The data should be written out in full, exactly as it stands, and the pictures dropped.

*DATA SHOWN*:
╭──

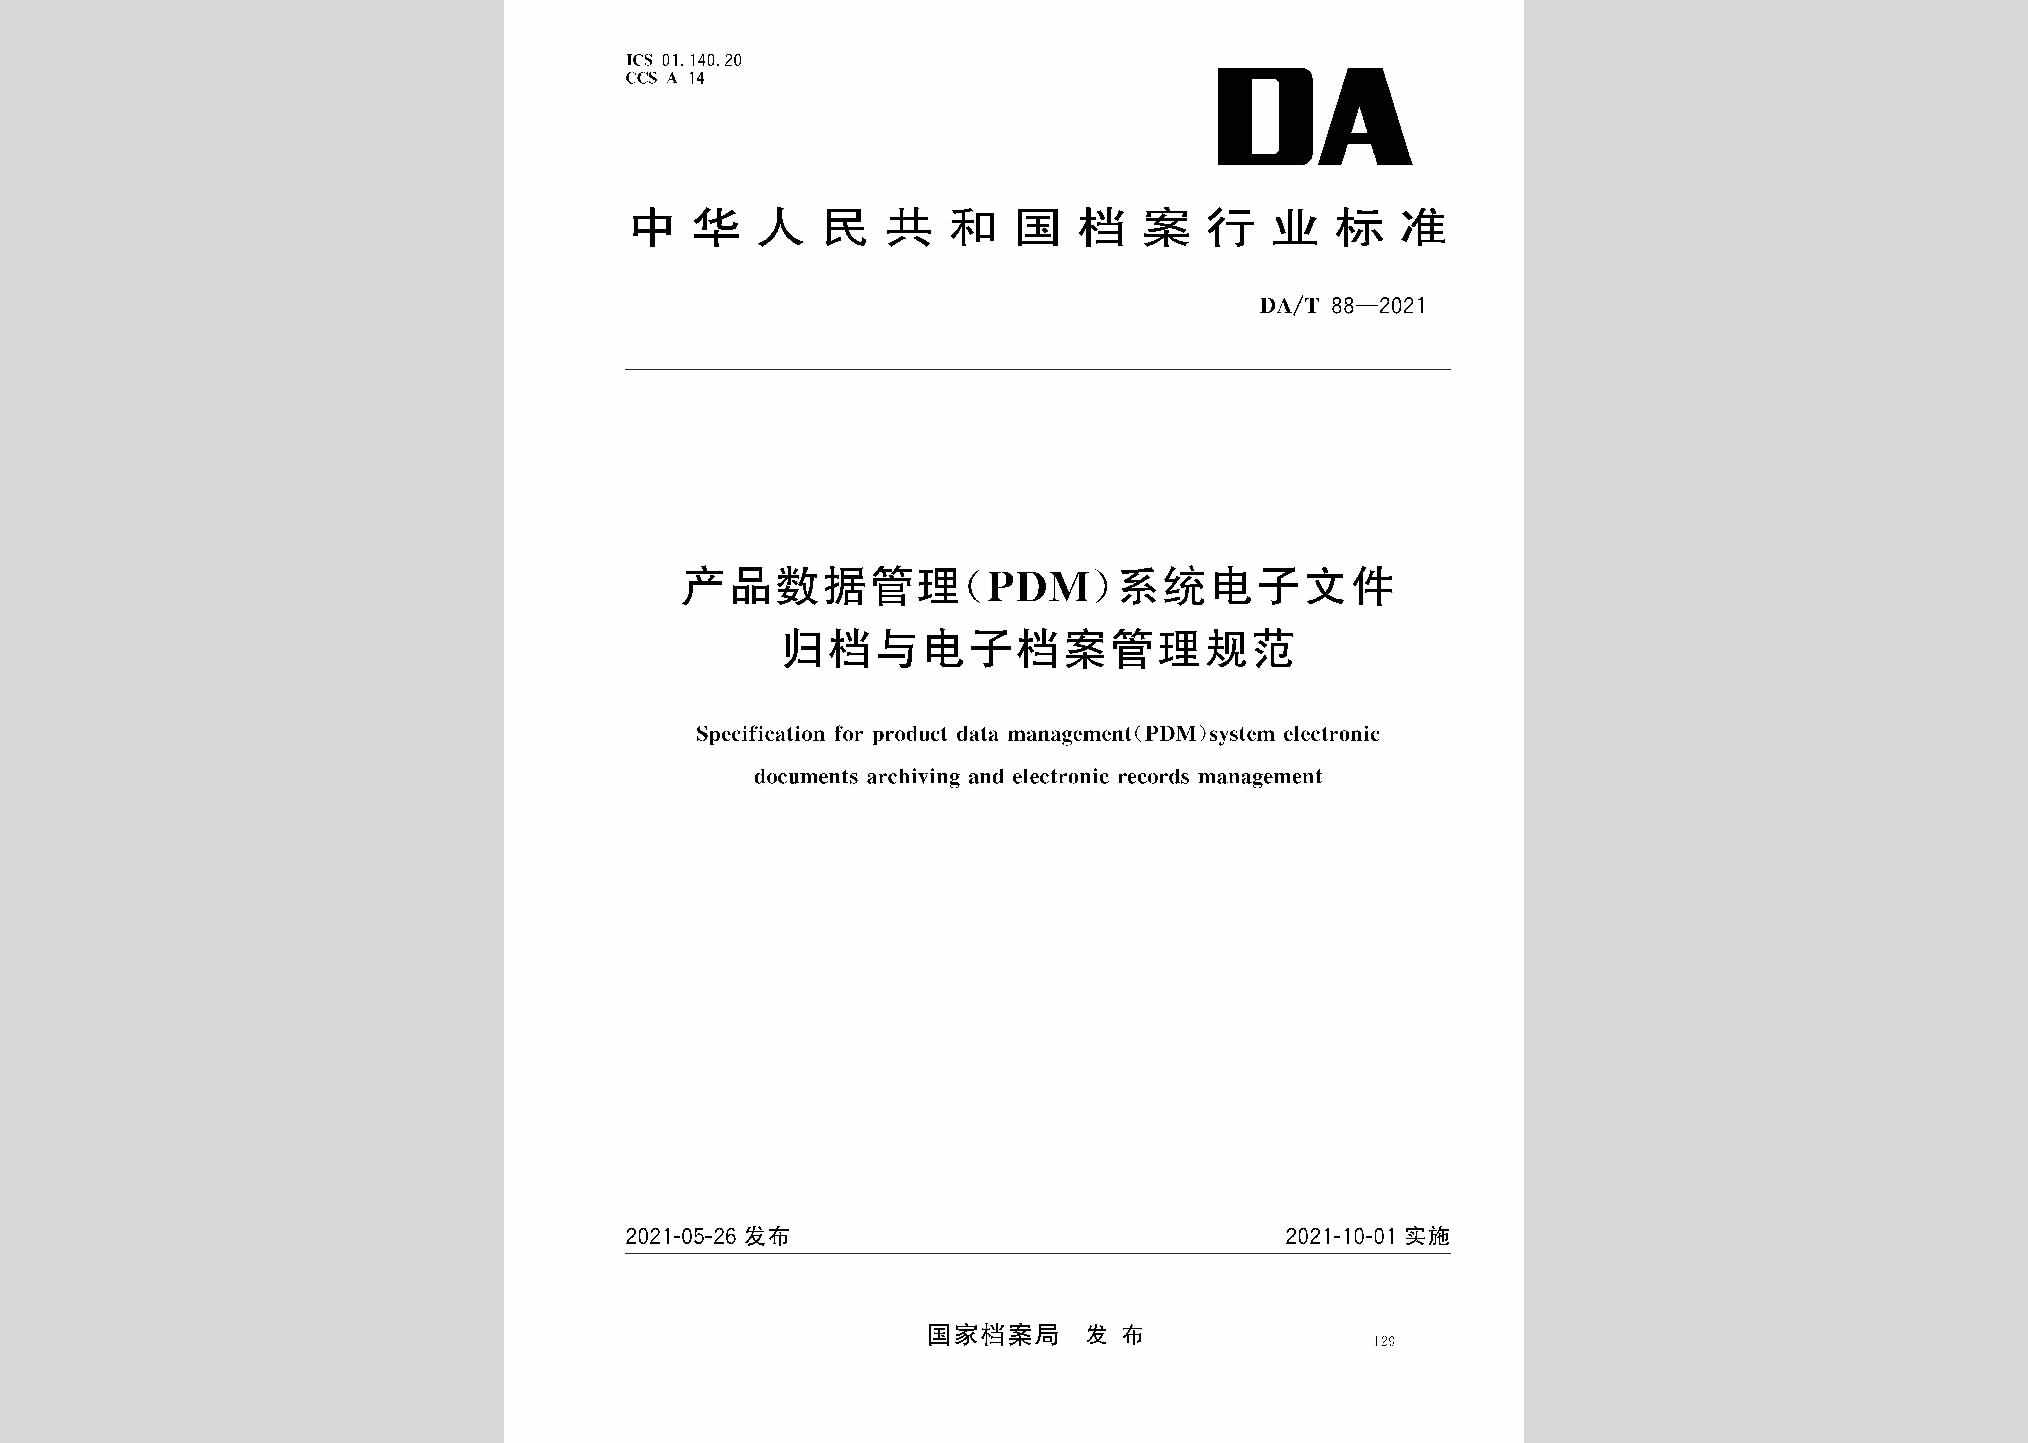 DA/T88-2021：产品数据管理（PDM）系统电子文件归档与电子档案管理规范
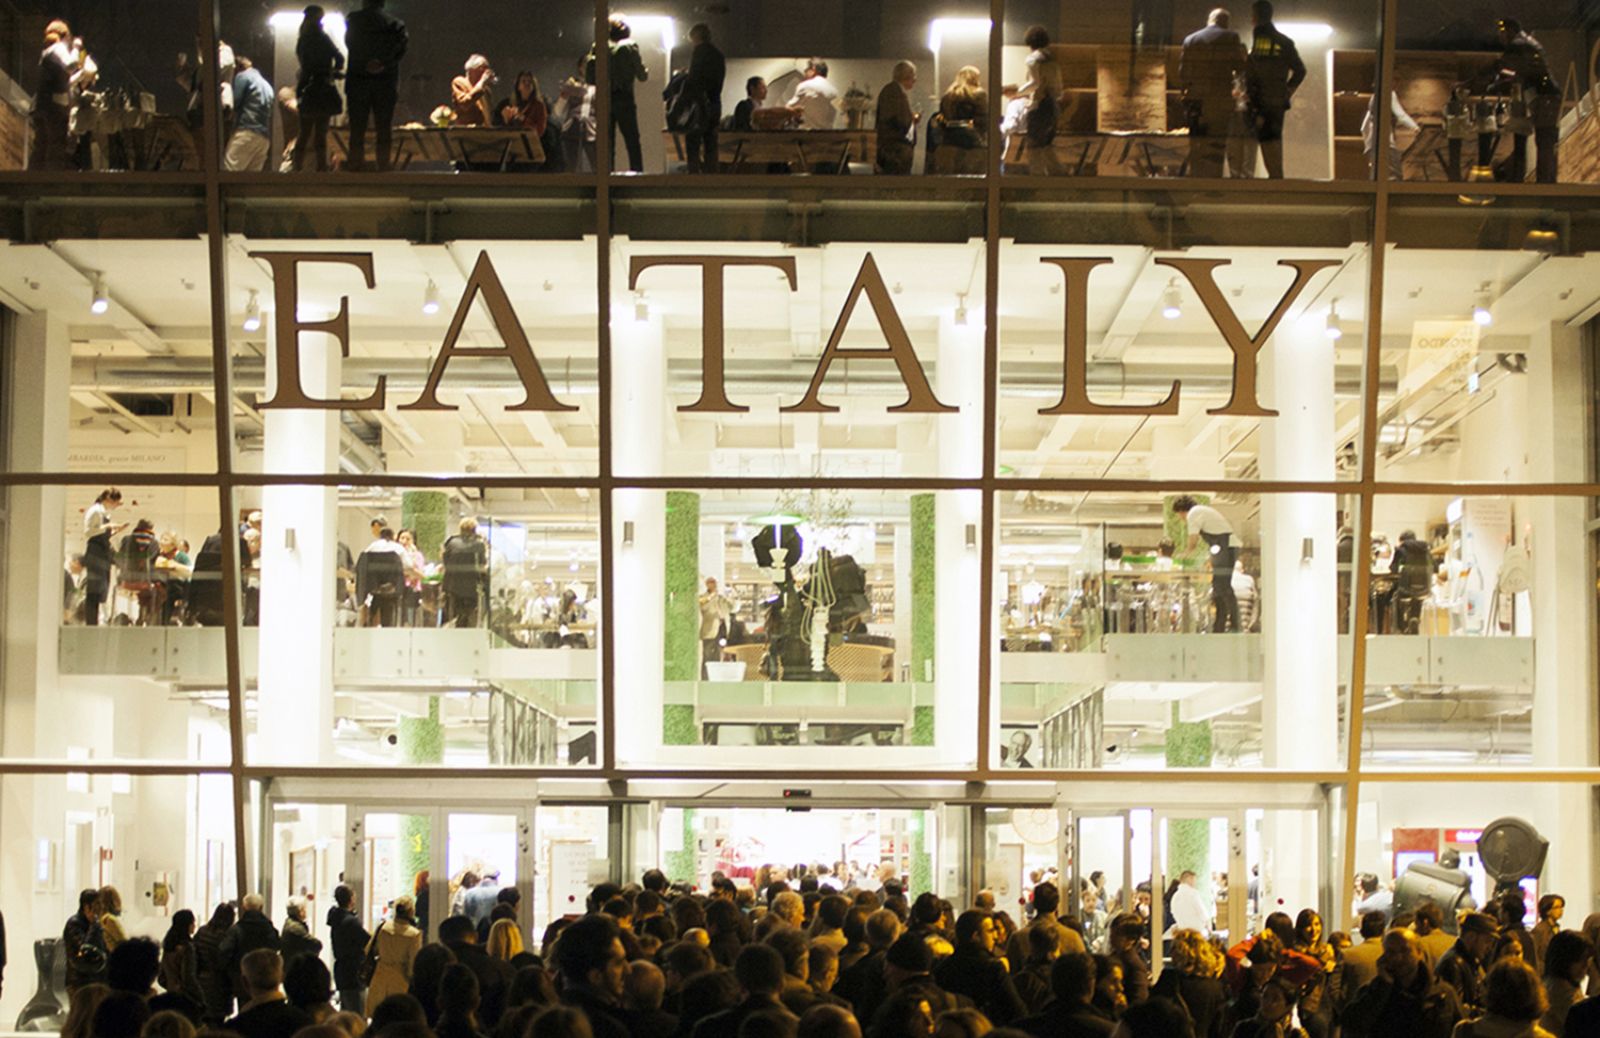 Anniversari: Eataly festeggia 10 anni dalla prima apertura
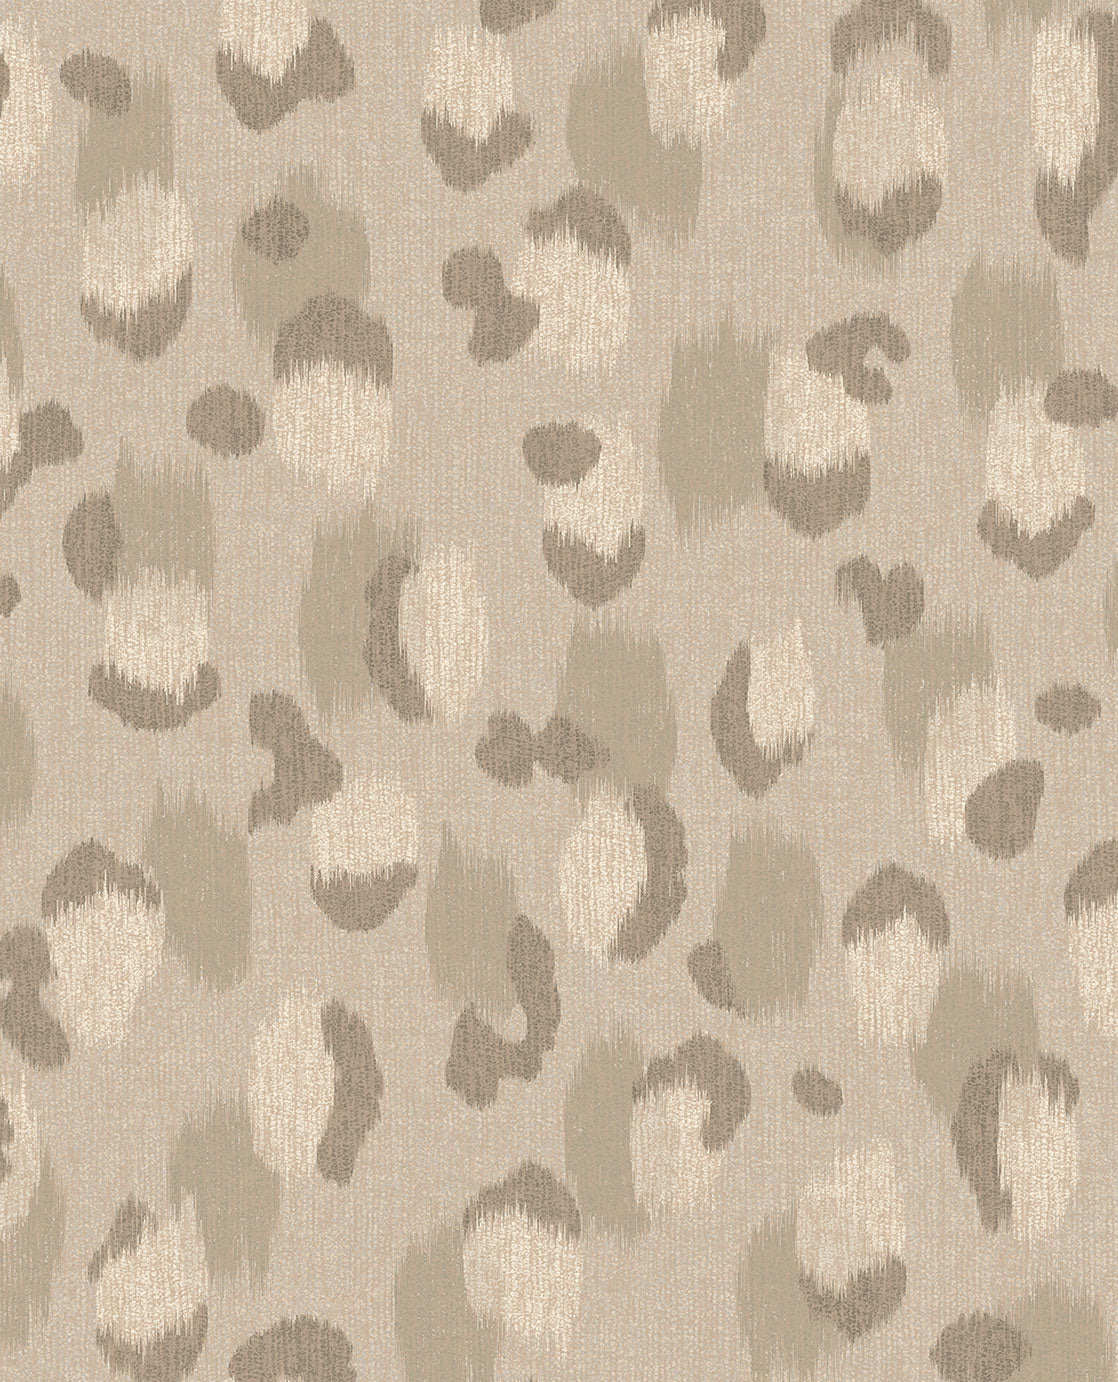 Skin Leopard Spots wallpaper

╰──

*RESULT OF THE EXERCISE*:
 DA/T88-2021：产品数据管理（PDM）系统电子文件归档与电子档案管理规范
 Anniversari: Eataly festeggia 10 anni dalla prima apertura
 Skin Leopard Spots wallpaper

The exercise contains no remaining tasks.